Local 978 v. Markwell And Hartz

305 F.2d 38, 50 L.R.R.M. (BNA) 2742, 1962 U.S. App. LEXIS 4505
CourtCourt of Appeals for the Eighth Circuit
DecidedJuly 11, 1962
Docket16962_1
StatusPublished
Cited by3 cases

This text of 305 F.2d 38 (Local 978 v. Markwell And Hartz) is published on Counsel Stack Legal Research, covering Court of Appeals for the Eighth Circuit primary law. Counsel Stack provides free access to over 12 million legal documents including statutes, case law, regulations, and constitutions.

Bluebook
Local 978 v. Markwell And Hartz, 305 F.2d 38, 50 L.R.R.M. (BNA) 2742, 1962 U.S. App. LEXIS 4505 (8th Cir. 1962).

Opinion

305 F.2d 38

LOCAL 978, UNITED BROTHERHOOD OF CARPENTERS & JOINERS OF
AMERICA, AFL-CIO and Carpenters' District Council
of Greater Kansas City and Vicinity, Appellants,
v.
Kenneth MARKWELL and William Hartz, Partners, d/b/a Markwell
and Hartz, Contractors, Appellees.

No. 16962.

United States Court of Appeals Eighth Circuit.

July 11, 1962.

Harrry H. Craig, St. Louis, Mo., for appellants; Gibson Langsdale, Kansas City, Mo., with him on the brief.

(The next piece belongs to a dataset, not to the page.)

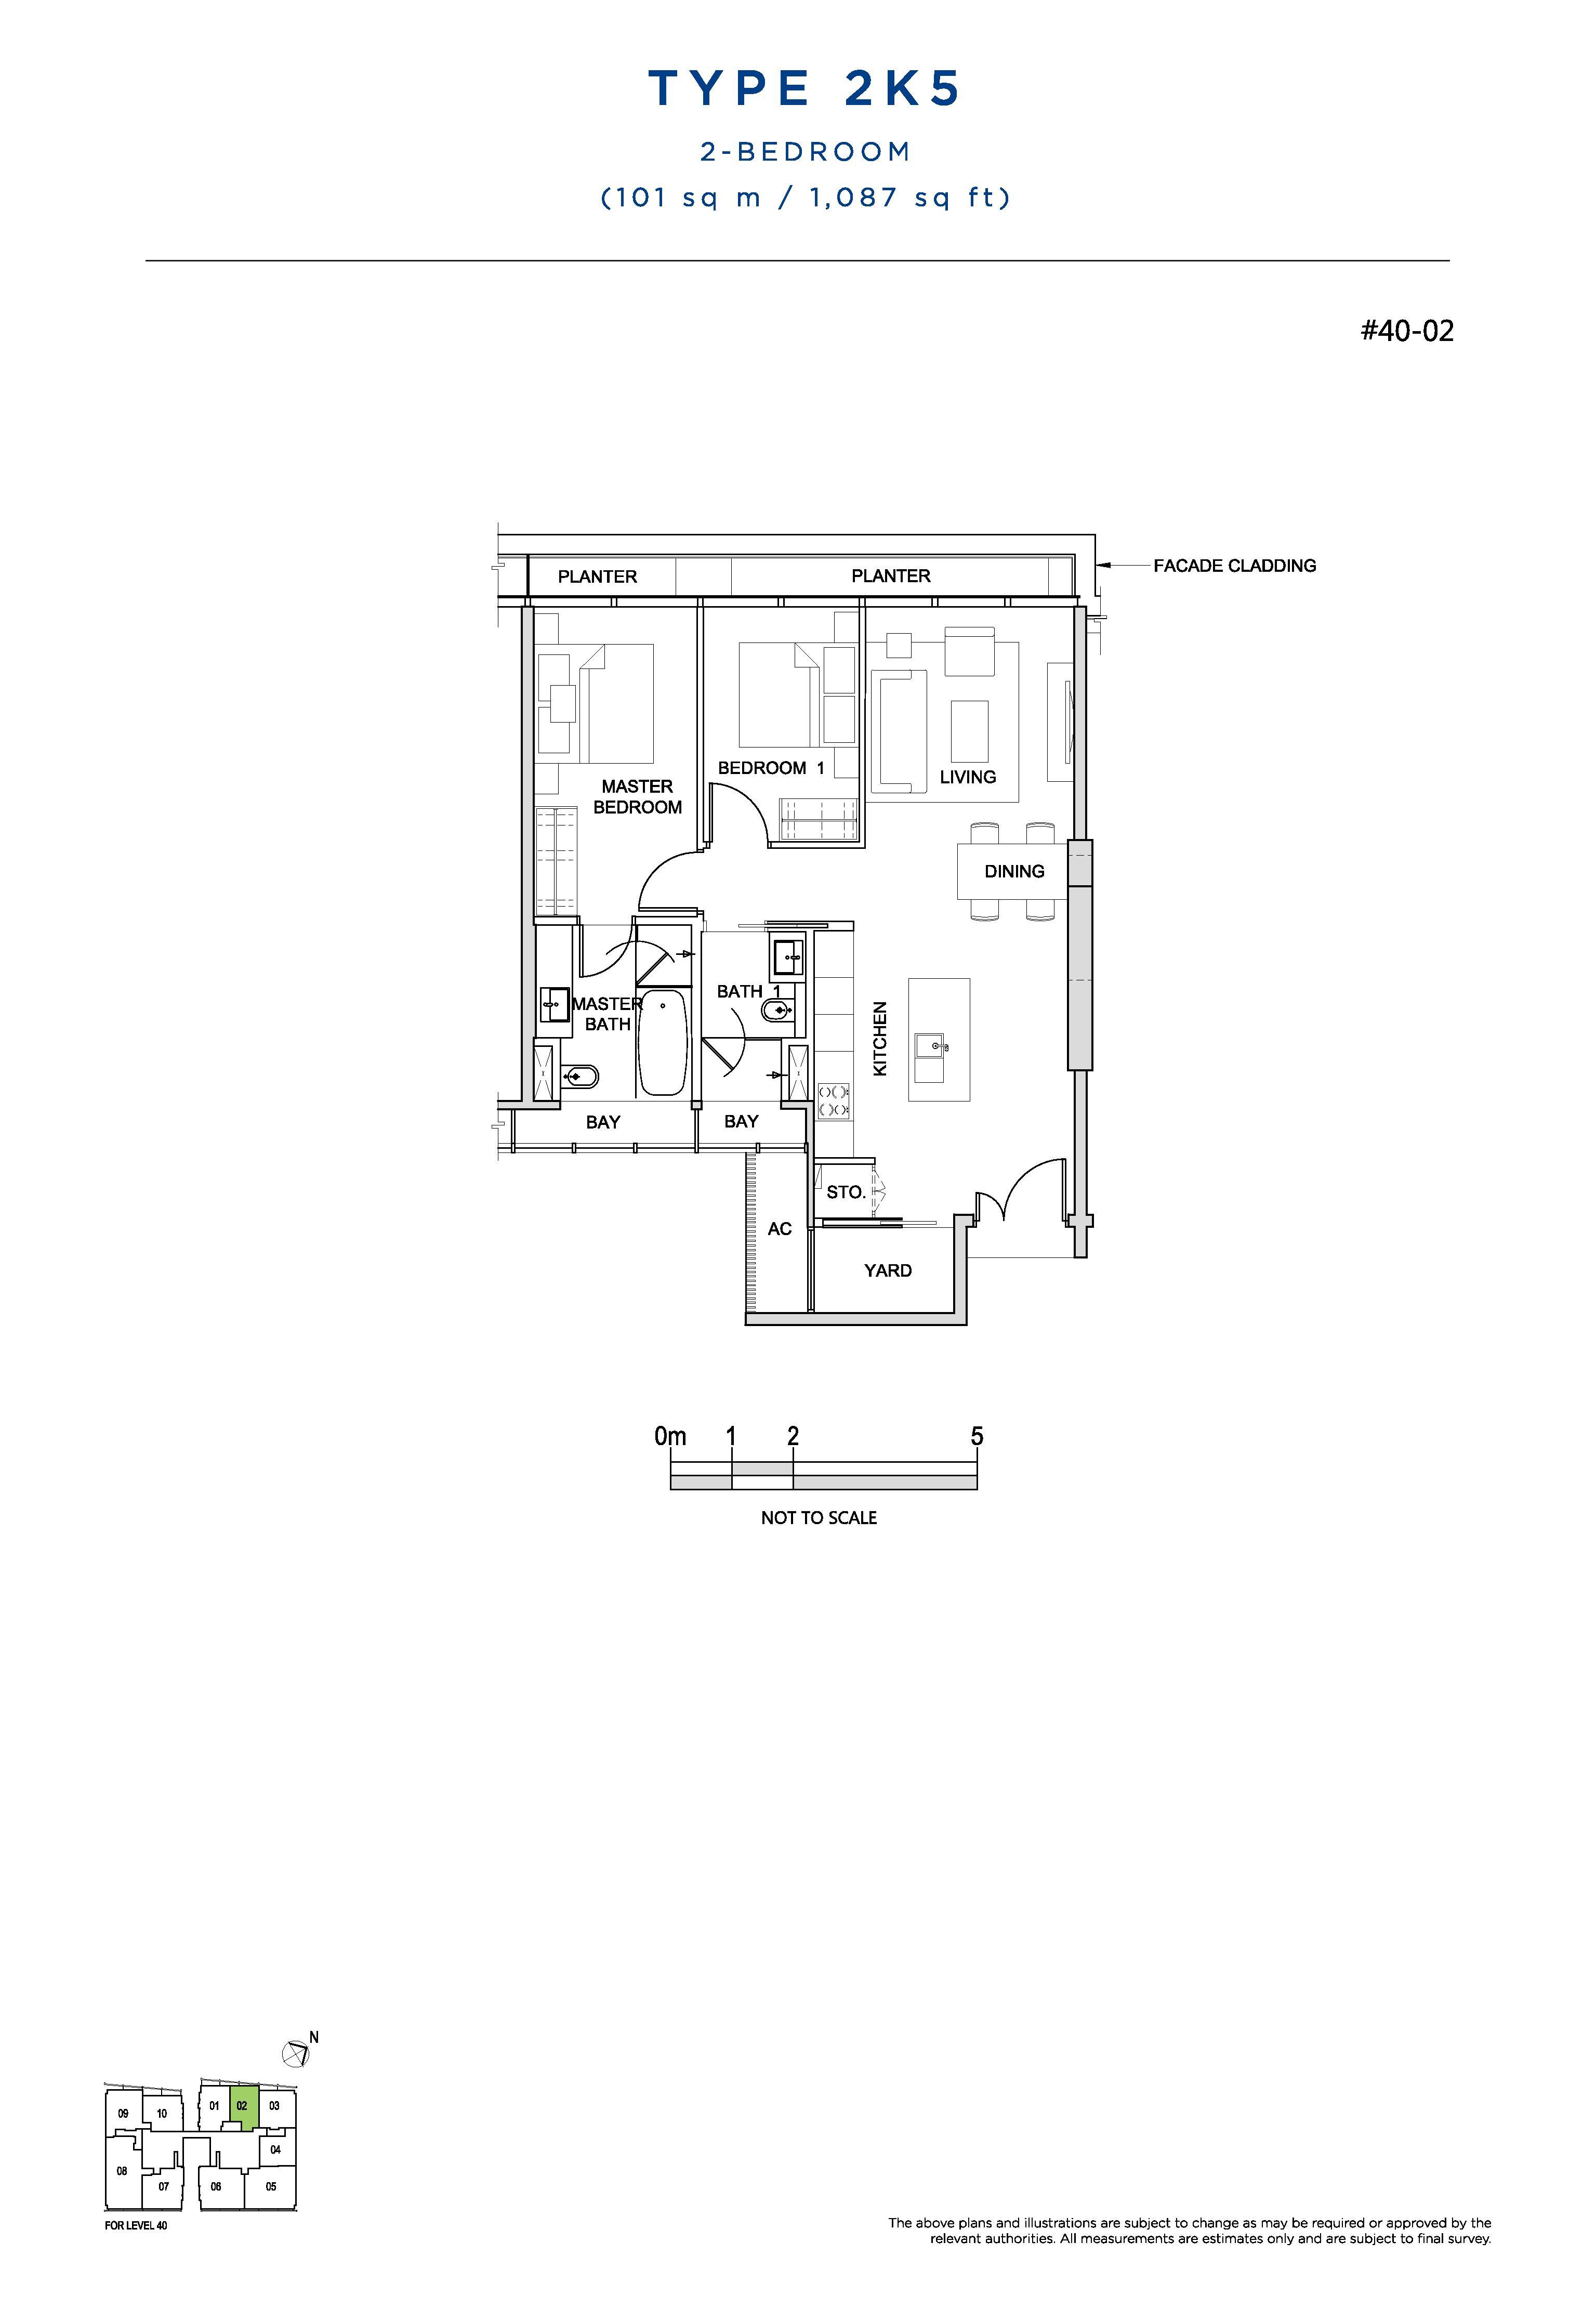 South Beach Residences 2 Bedroom Floor Plans Type 2K5
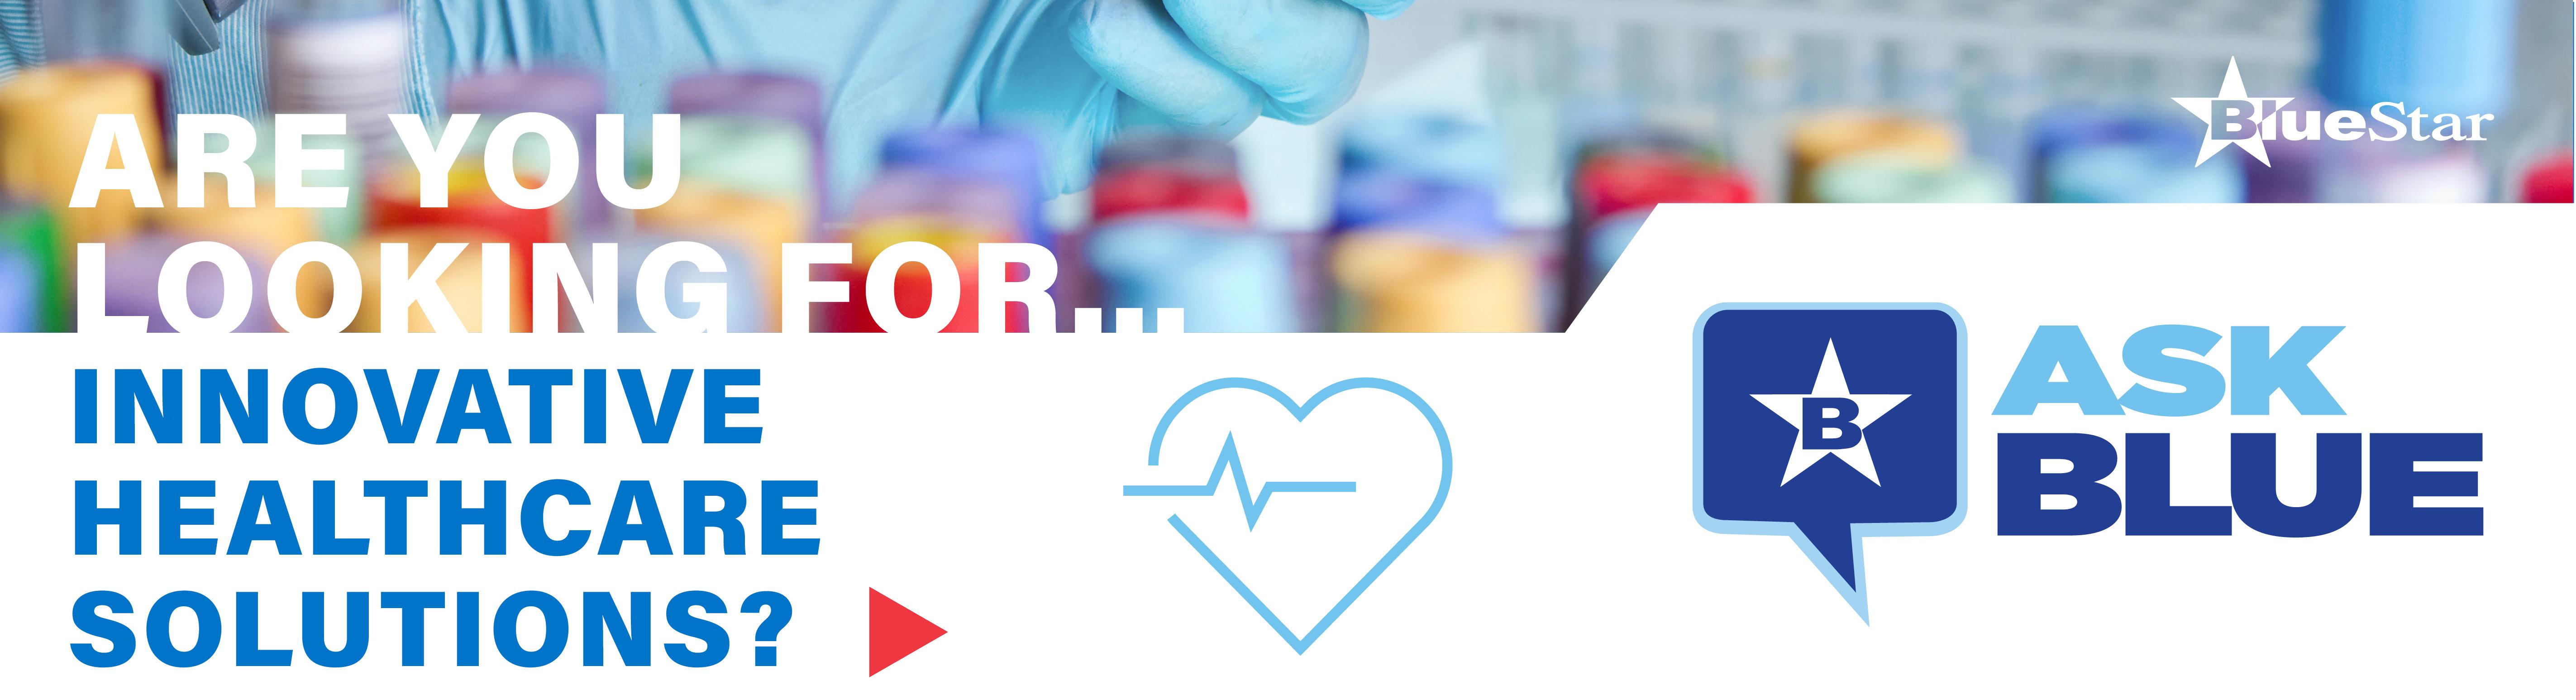 LPHeader-Healthcare-BlueStar

Wells T. Lovett, Owensboro, Ky., for appellees; Lovett & Howeard, Owensboro, Ky., and Allen, Woolsey & Fisher, Springfield, Mo., with him on the brief.

Before VOGEL, VAN OOSTERHOUT and MATTHES, Circuit Judges.

MATTHES, Circuit Judge.

This action for damages under 303 of the Labor-Management Relations Act of 1947, as amended, (29 U.S.C.A. 187), was instituted in the United States District Court for the Western District of Missouri by Kenneth Markwell and William Hartz, a co-partnership, doing business as Markwell and Hartz, Contractors.1

The original defendants were five voluntary unincorporated labor organizations, namely: (1), Local 978, United Brotherhood of Carpenters and Joiners of America, AFL-CIO; (2), Local 676, International Hod Carriers, Building and Common Laborers Union of America, AFL-CIO; (3), Local 16-16-B, International Union of Operating Engineers; (4), Local 178, United Association of Journeymen & Apprentices of the Plumbing and Pipe Fitting Industry of the United States and Canada, AFL-CIO; and (5), Carpenters' District Council of Greater Kansas City and Vicinity.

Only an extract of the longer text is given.